Recorded data
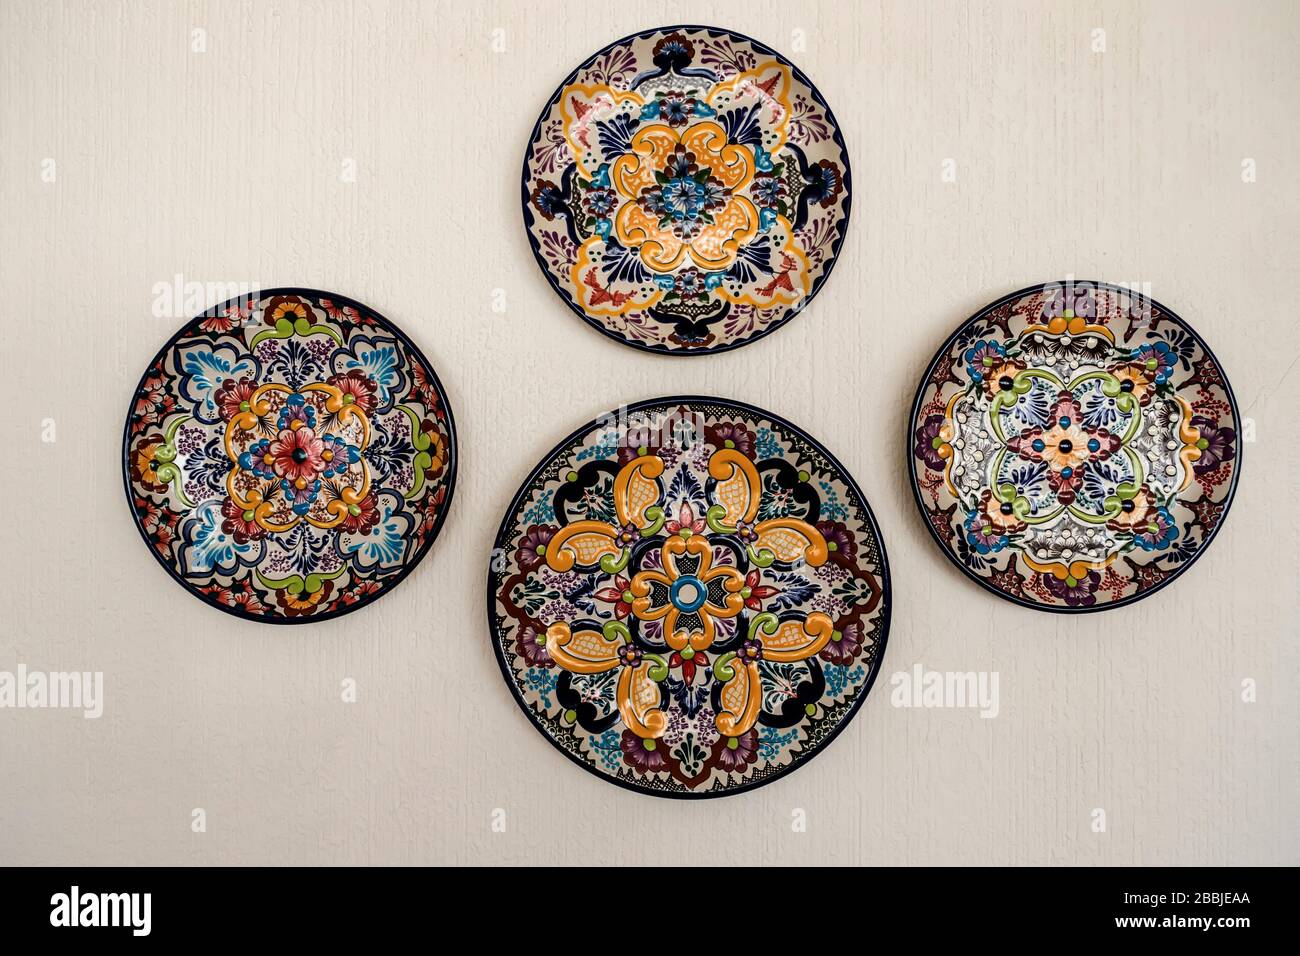 Platos decorativos de Talavera mexicana en la pared Foto de stock
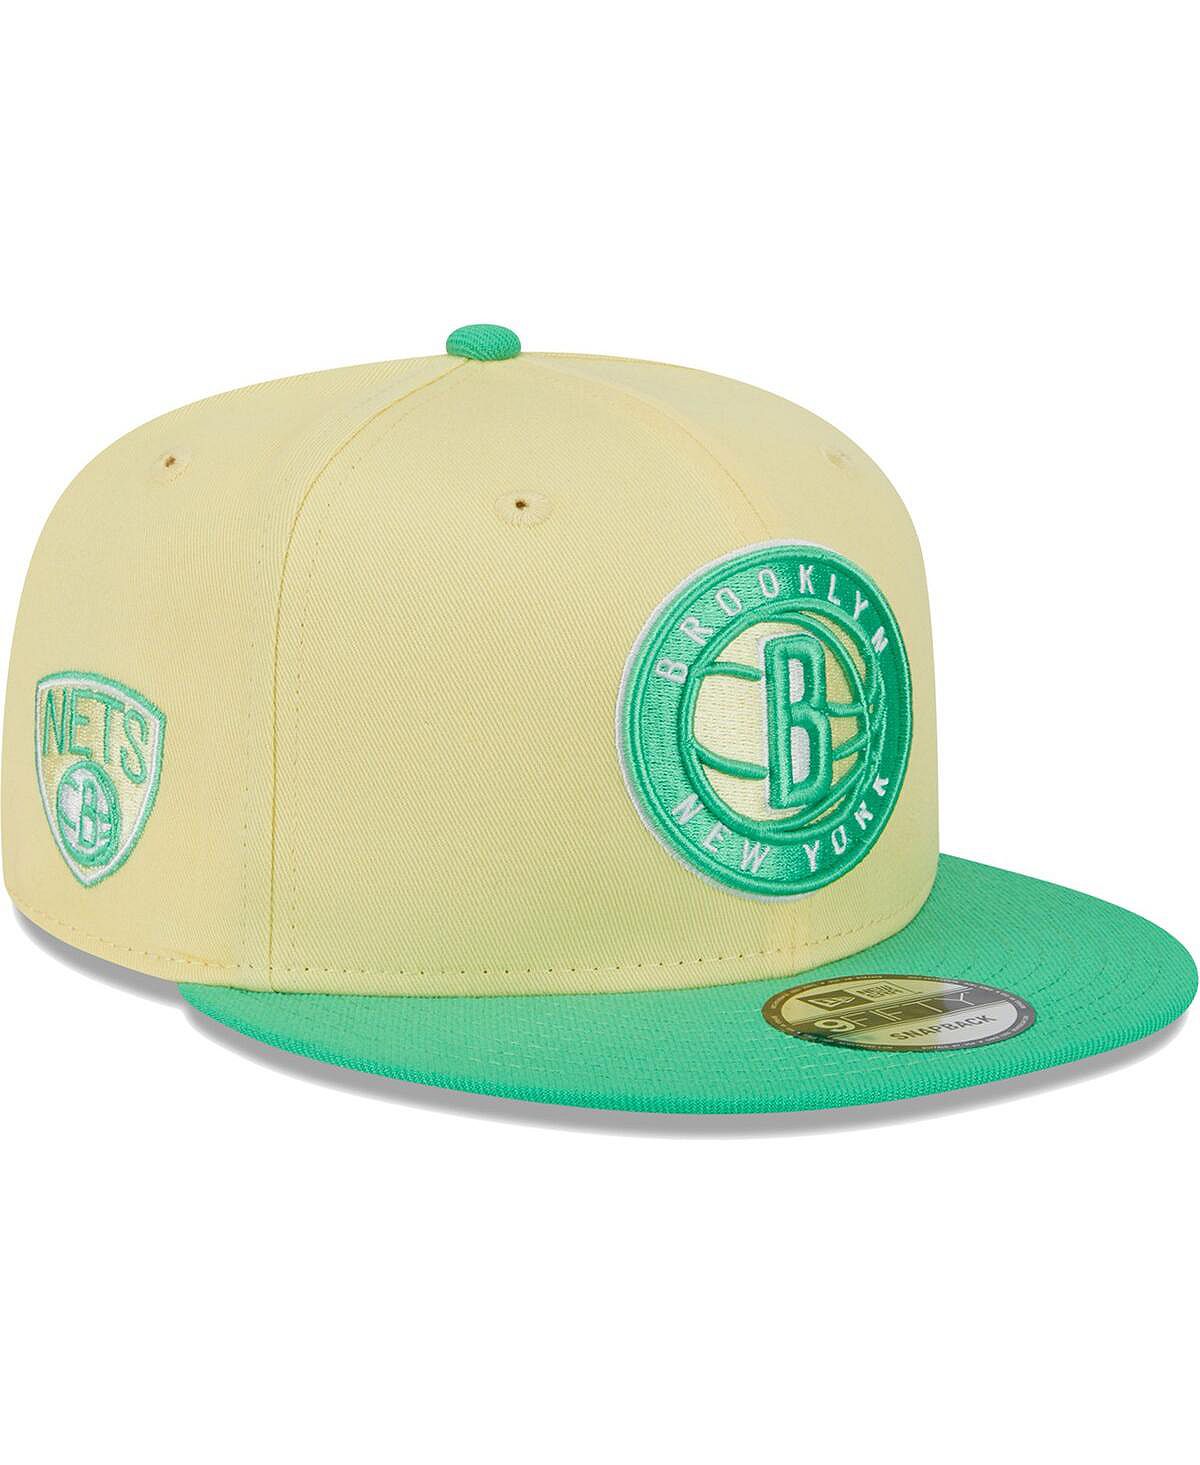 Мужская желто-зеленая кепка Brooklyn Nets 9FIFTY New Era
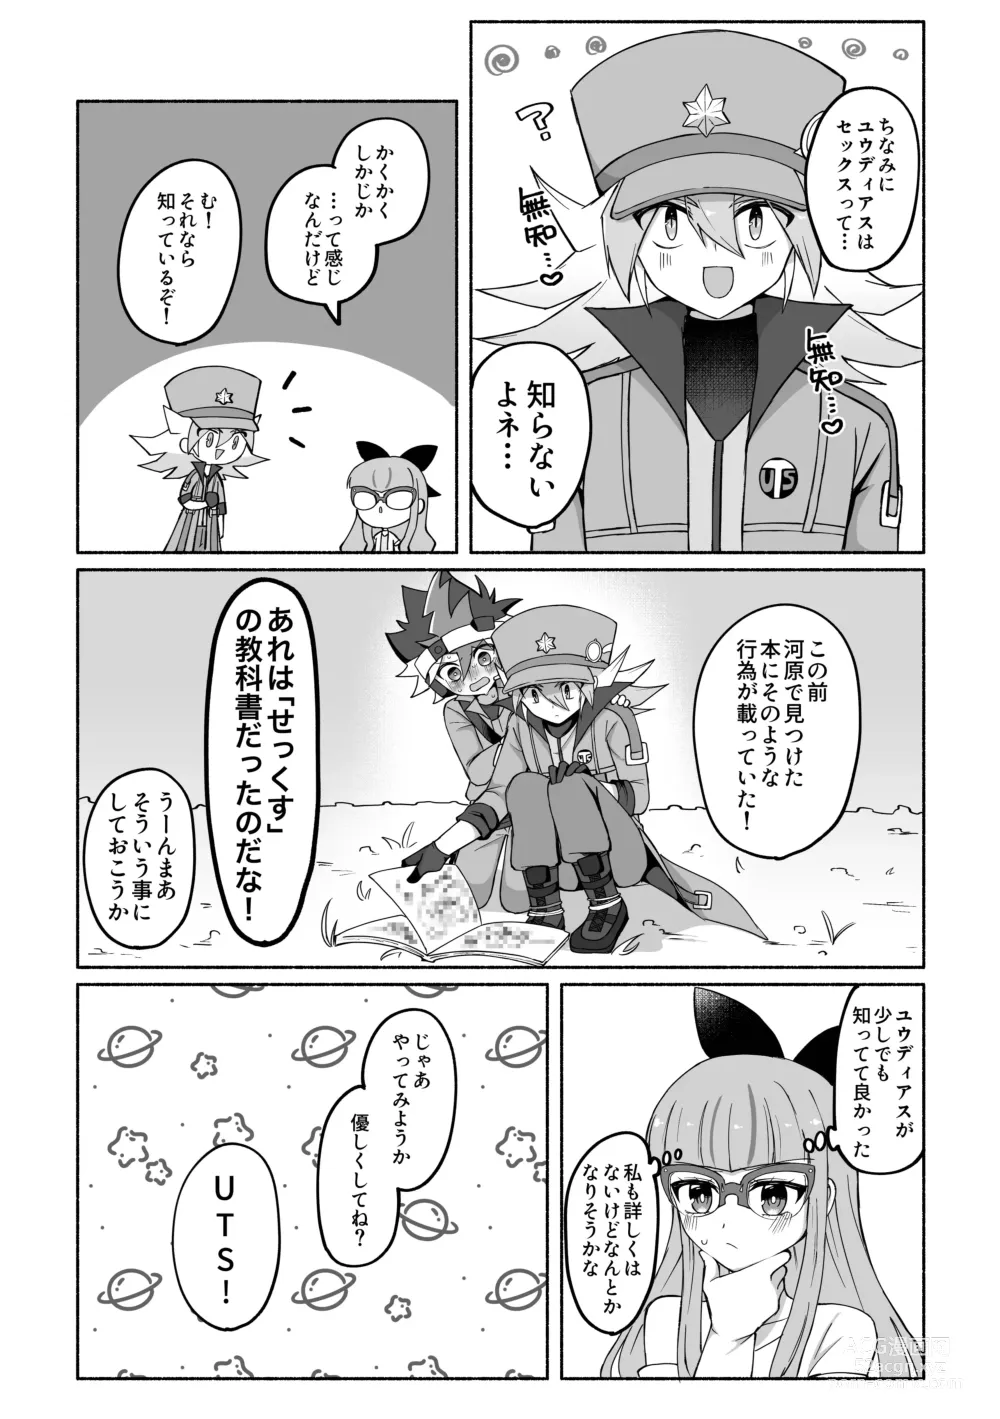 Page 3 of doujinshi Yudi yu a manga
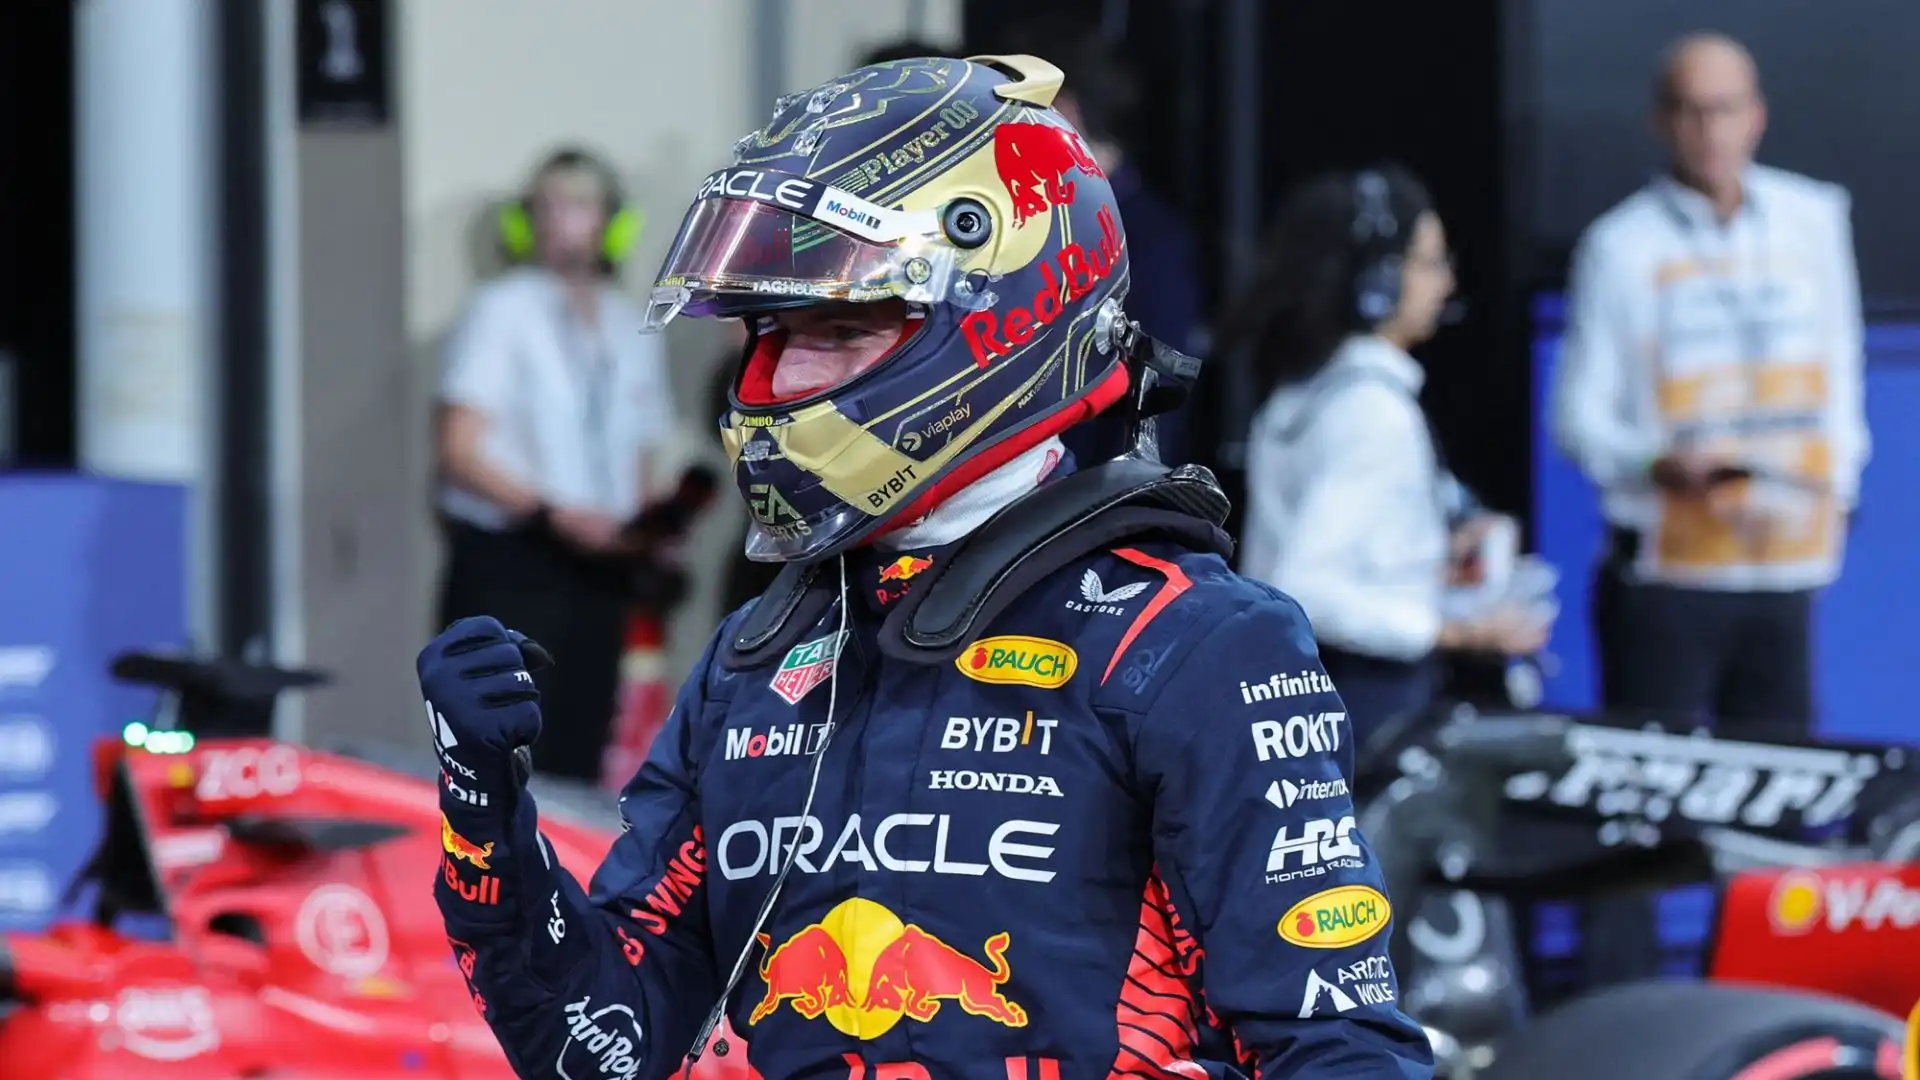 "Bellissimo essere di nuovo in pista, test con Verstappen Racing", ha scritto l'olandese
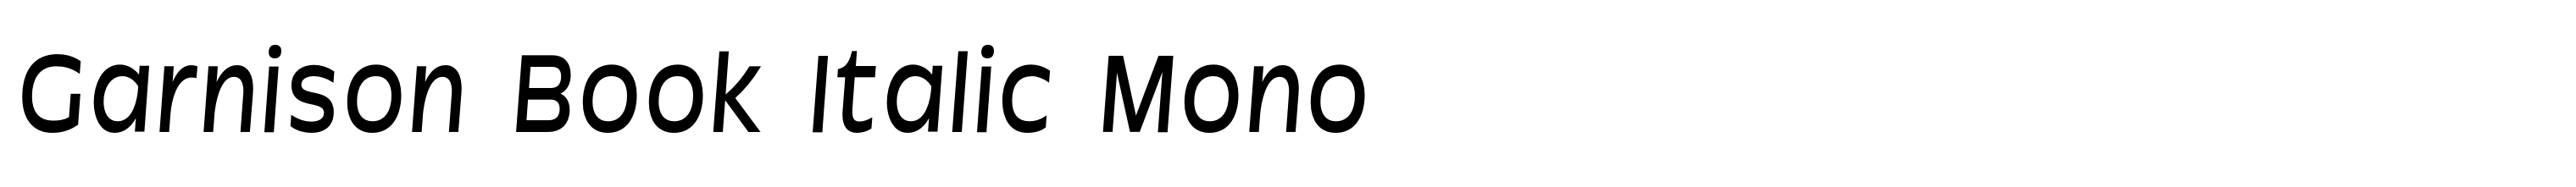 Garnison Book Italic Mono

Requirement: Pictures do not belong in the copy. Output all of the records exactly.

The completed task:
 Platos decorativos de Talavera mexicana en la pared Foto de stock
 Мужская желто-зеленая кепка Brooklyn Nets 9FIFTY New Era
 Page 3 of doujinshi Yudi yu a manga
 "Bellissimo essere di nuovo in pista, test con Verstappen Racing", ha scritto l'olandese
 Garnison Book Italic Mono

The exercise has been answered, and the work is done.